Shell plc heads into its May 7 Q1 results with a notable and accelerating build in short positions — a rare burst of bearish activity on a stock that normally attracts little short-selling attention.
The shorted share count has climbed 23% over the past week, reaching roughly 14 million shares by April 30. That is the highest reading in the 30-day window and marks the sharpest run-up in the data set. Yet in absolute terms, the picture is more contained than the momentum suggests: short interest remains just 1.4% of free float — a low level — keeping this firmly in perspective. Borrowing costs are negligible at 0.46%, barely changed over the week. Availability is still ample, meaning the lending market is far from stressed. Options traders, meanwhile, are leaning bullish rather than defensive: the put/call ratio has eased to 0.50, running below its 20-day average of 0.53 and well off its 52-week peak of 0.87. Together, this paints a picture of hedging on the margins rather than a concerted bet against the stock.

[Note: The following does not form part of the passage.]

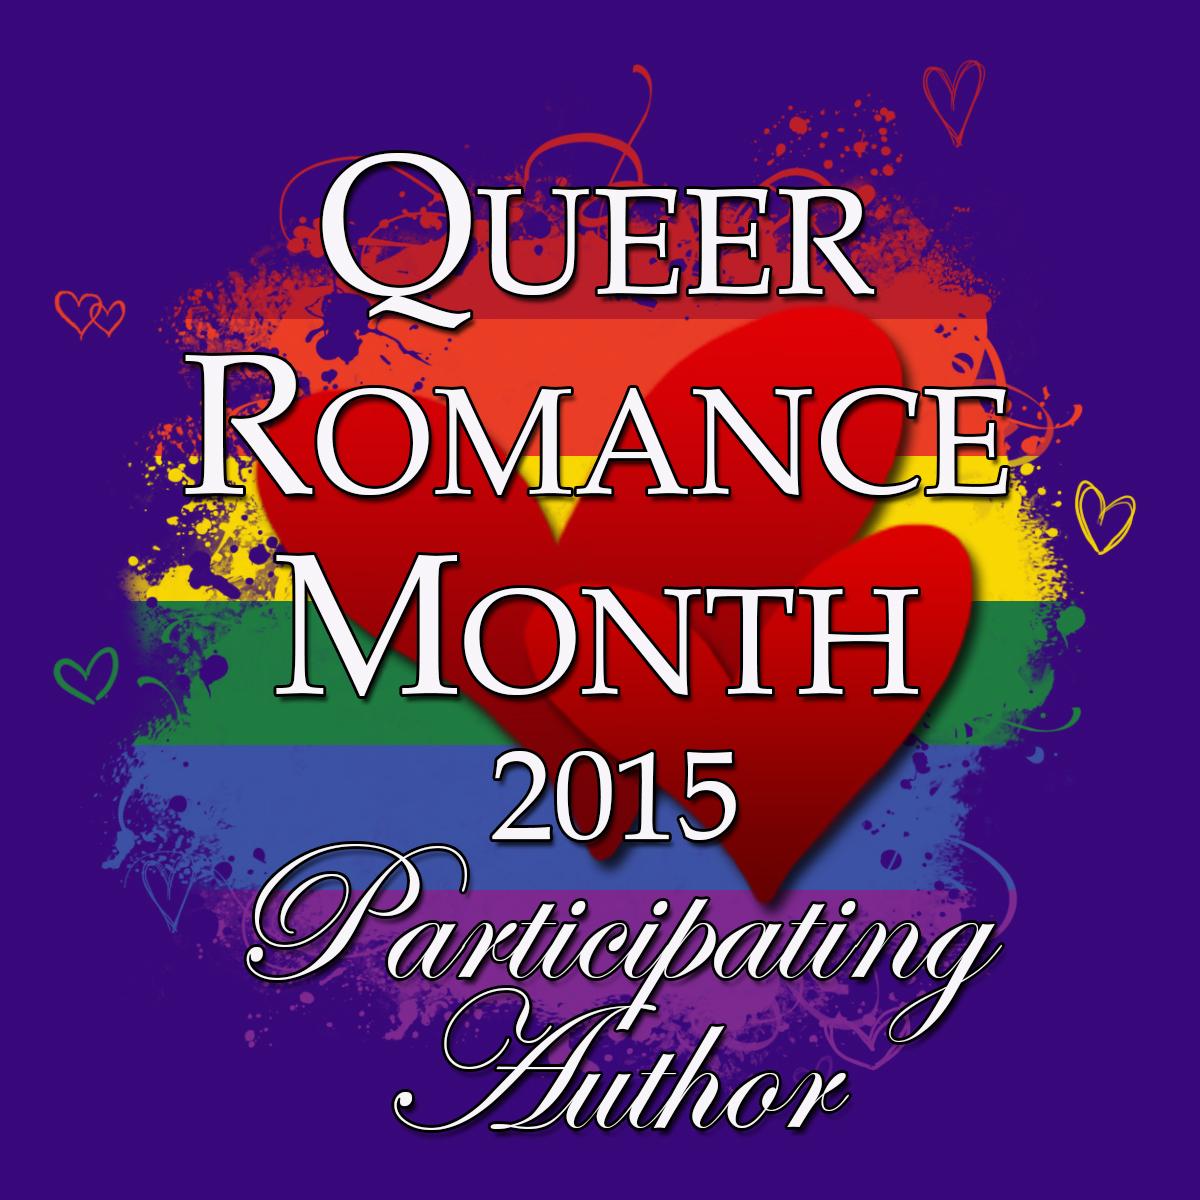 Queer Romance Month - Participating Author

Analysts remain broadly constructive, but sentiment has been mixed in the recent run-up. Scotiabank lifted its target sharply to $122 in late April while reiterating Sector Outperform — a notable uplift from a prior $91 target. TD Cowen trimmed its Buy target fractionally to $110, while Wells Fargo nudged its Equal-Weight target up to $94. The stock's current price of $88.98 trades inside the more cautious targets, suggesting the Street sees modest upside but is not pricing in a step-change. Valuation is undemanding at a P/E of 8.9x and EV/EBITDA of 8.3x — the latter has eased about 0.7x over the past 30 days, pointing to mild multiple compression as energy sector sentiment has softened. On the bull side, Shell's EPS surprise track record ranks in the 80th percentile of the universe, and the dividend score of 71 reflects a credible yield story. Bears point to the price pulling back 4.3% over the past month, softer oil prices, and the slight short accumulation as grounds for caution ahead of the print.

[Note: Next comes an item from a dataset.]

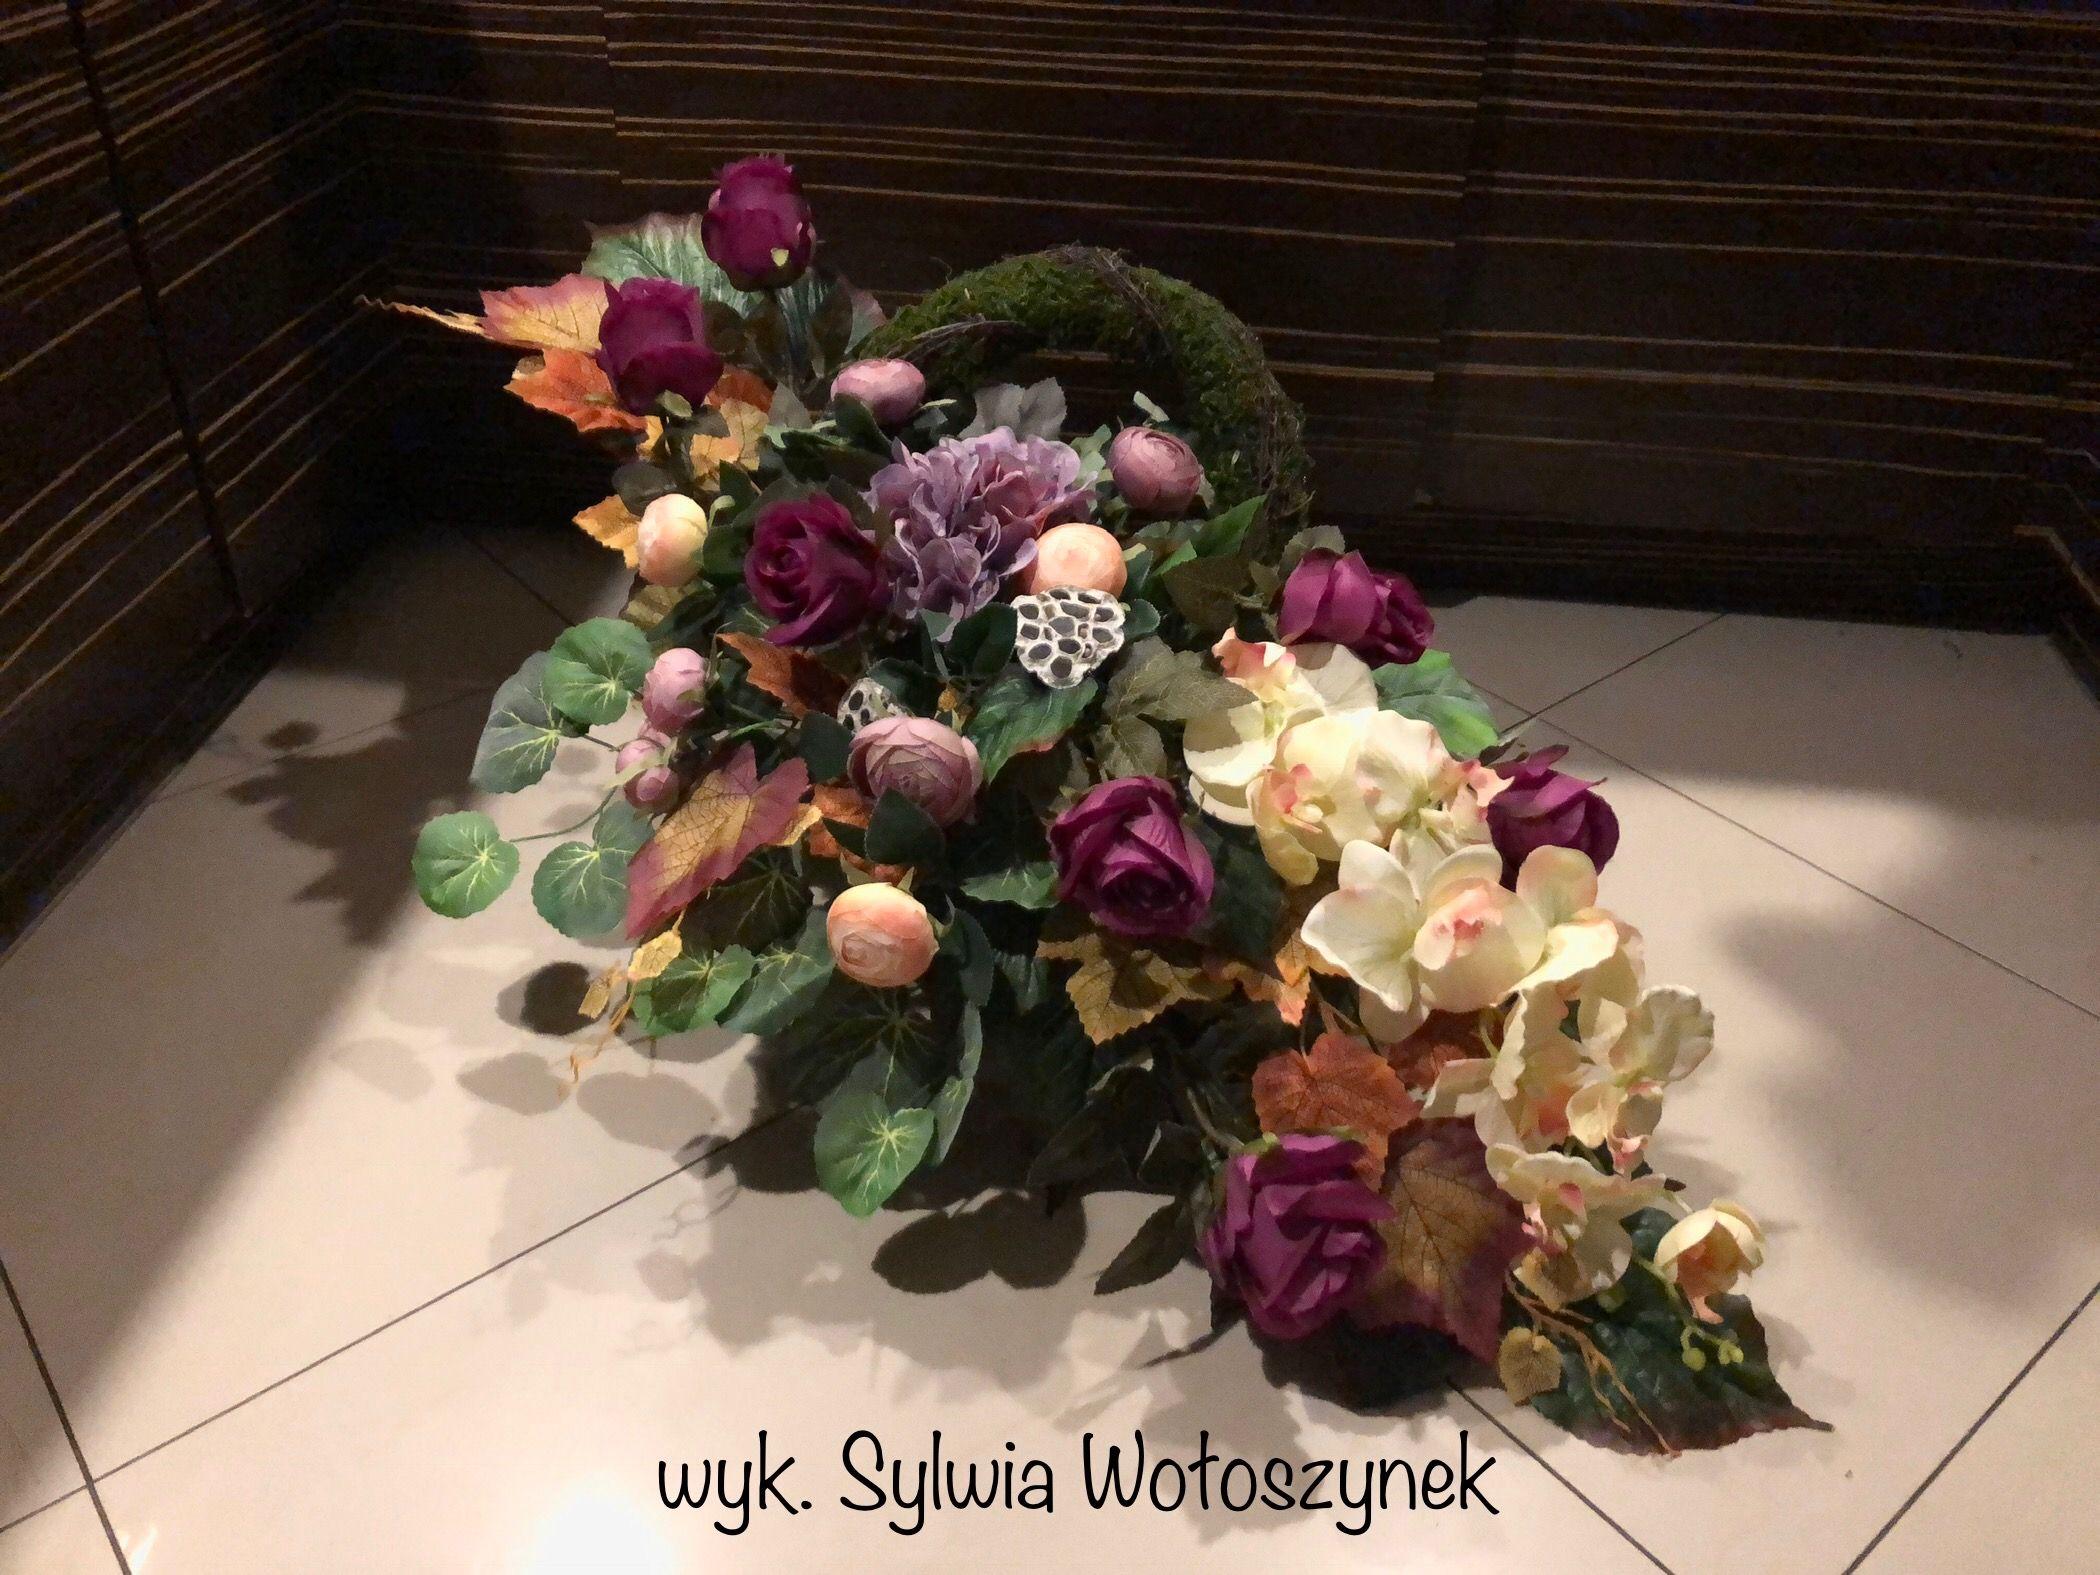 Kompozycja Nagrobna 2018 Wyk Sylwia Woloszynek Floral Arrangements Floral Floral Wreath

The historical pattern adds a meaningful counterpoint. Two of Shell's four most recent earnings events produced solid positive reactions — gains of roughly 2.3–2.4% on the day and into the following week. The February 2026 print was the exception, delivering a 4.4% single-day drop before stabilising over the following week. That volatility is modest by sector standards, which partly explains why options positioning has remained subdued. Institutional ownership shows no surprise departures: BlackRock (8.1%), Vanguard (5.4%), and Fidelity (FMR, 3.7%) all added modestly in the March quarter, reflecting stable passive and active demand.
The May 7 print will test whether Shell's upstream cash generation — consensus estimates put Q1 operating cash flow near $7.3 billion — can hold up against weaker refining margins and the tariff-driven macro fog hanging over energy markets.